Could you output each line below precisely as it stands, without the images?
Dataset section section start
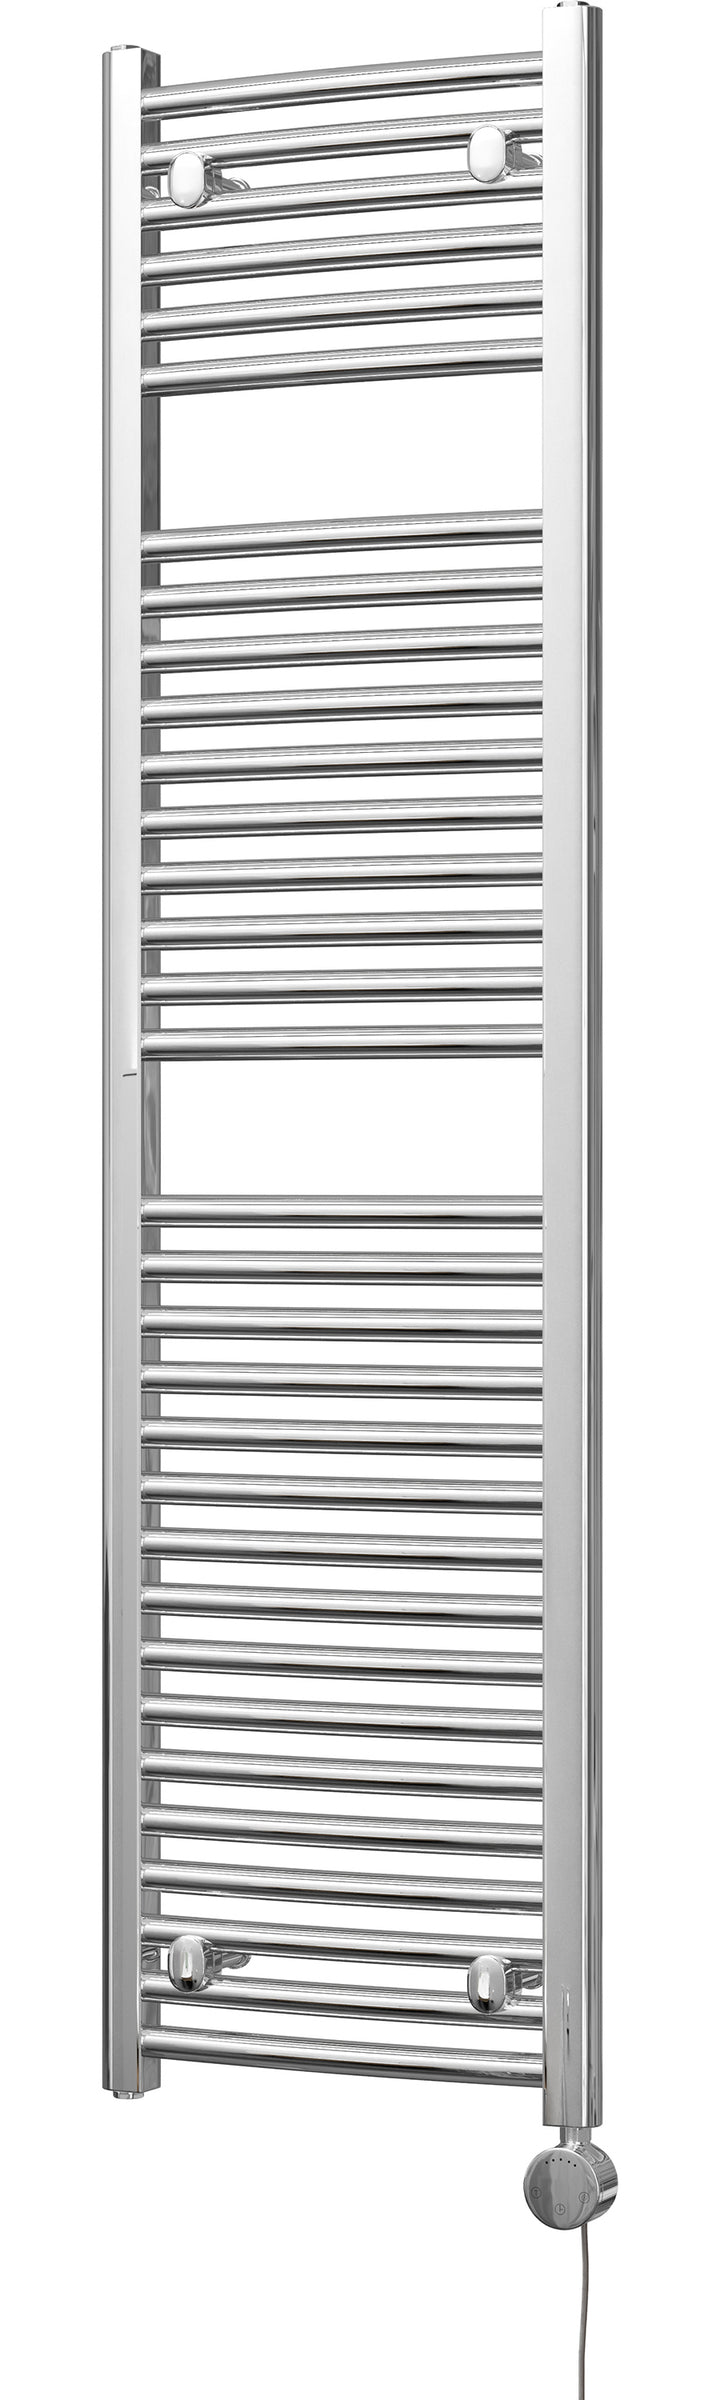 Roma - Chrome Electric Towel Rail H1512mm x W400mm Curved 300w Thermostatic
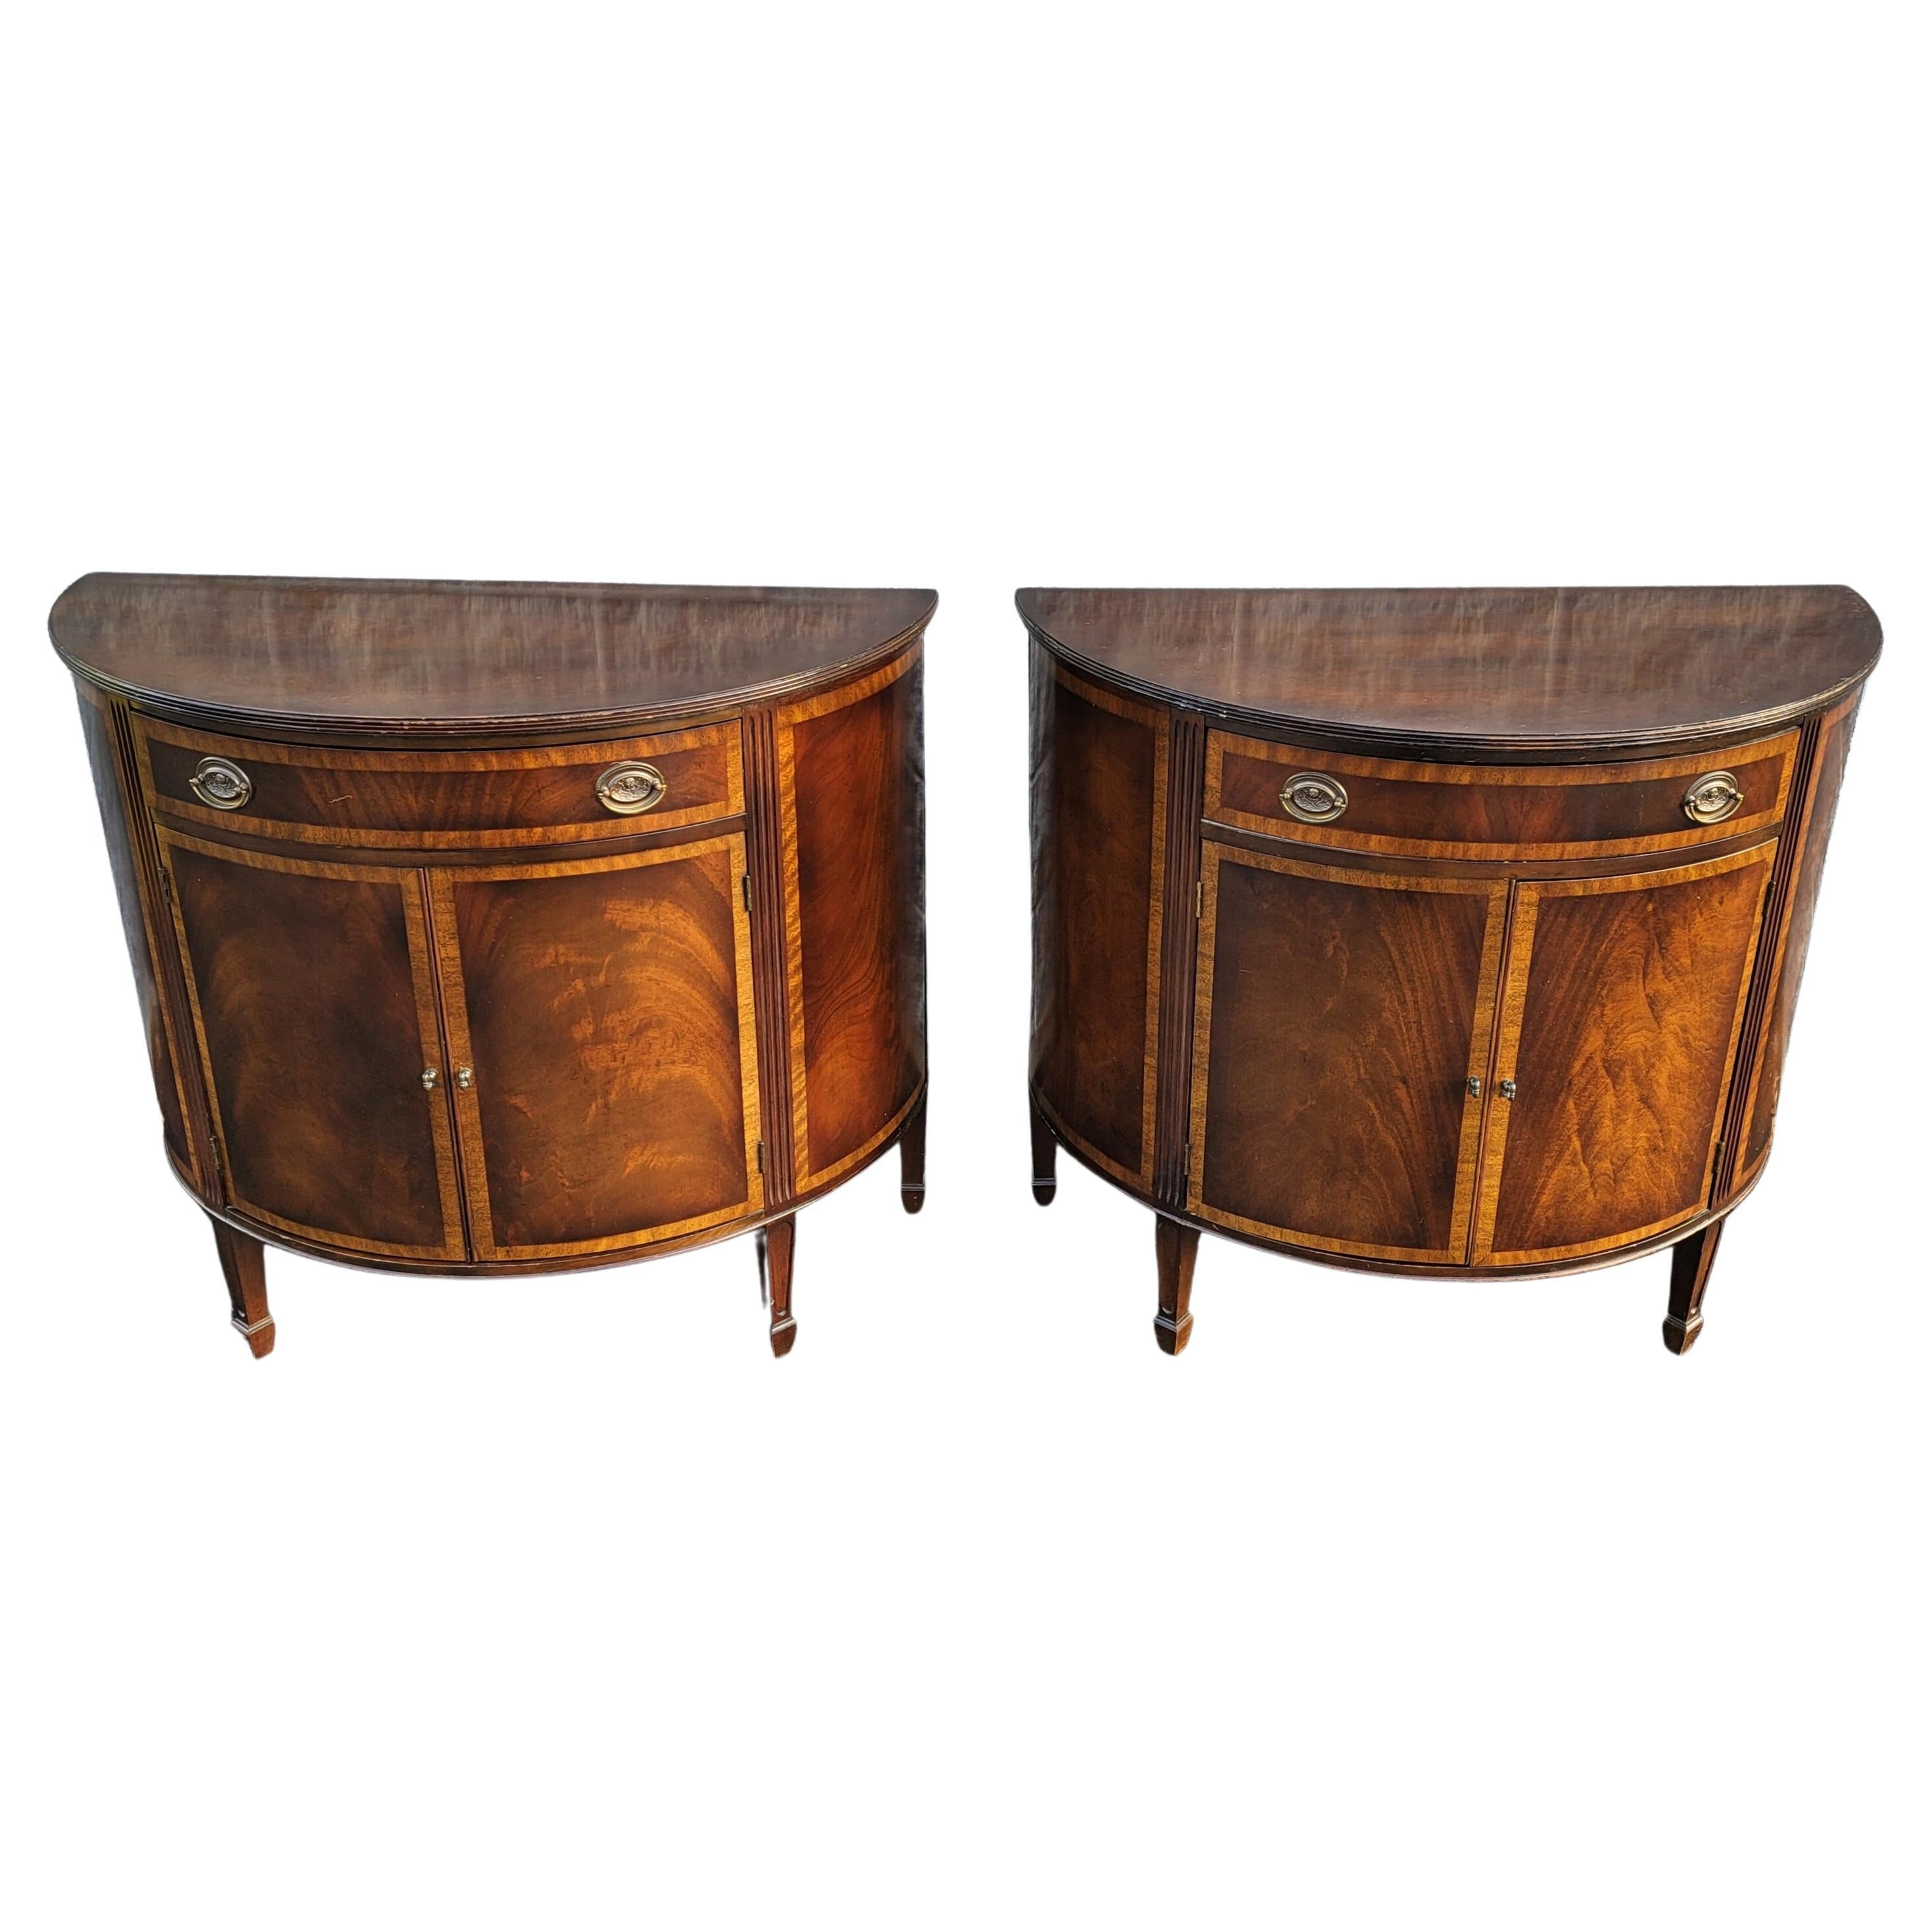 Gorgeous mid-19th centruty George III Demilune banded flame mahogany commodes cabinets in good antique condition with a large top drawer, Double front doors that open to reveal a tri level adjustable height shelf. Measures 38
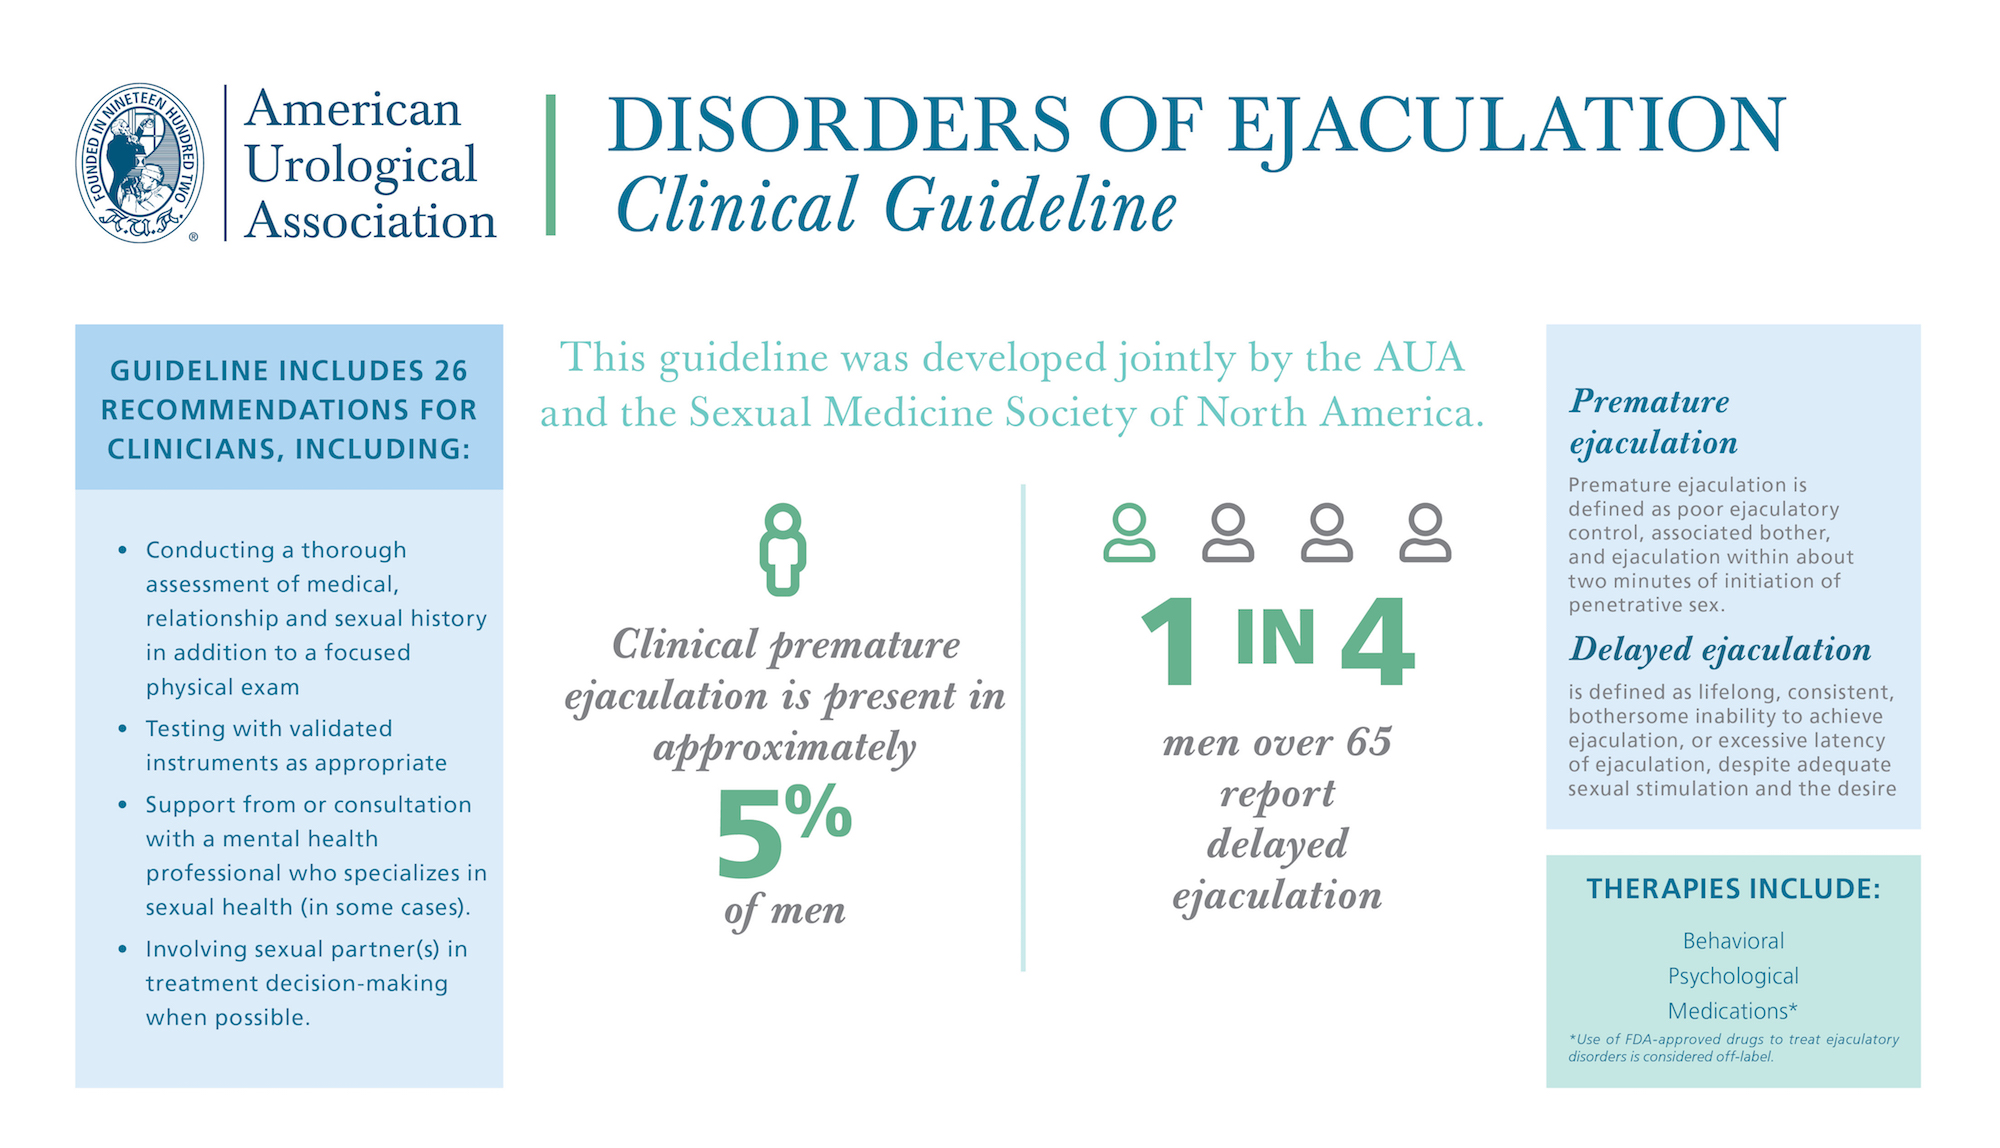 Infographic.Disorders_of_Ejaculation_Guideline.jpg
Dataset section section end
[Written solution]
 Roma - Chrome Electric Towel Rail H1512mm x W400mm Curved 300w Thermostatic
 Gorgeous mid-19th centruty George III Demilune banded flame mahogany commodes cabinets in good antique condition with a large top drawer, Double front doors that open to reveal a tri level adjustable height shelf. Measures 38
 Infographic.Disorders_of_Ejaculation_Guideline.jpg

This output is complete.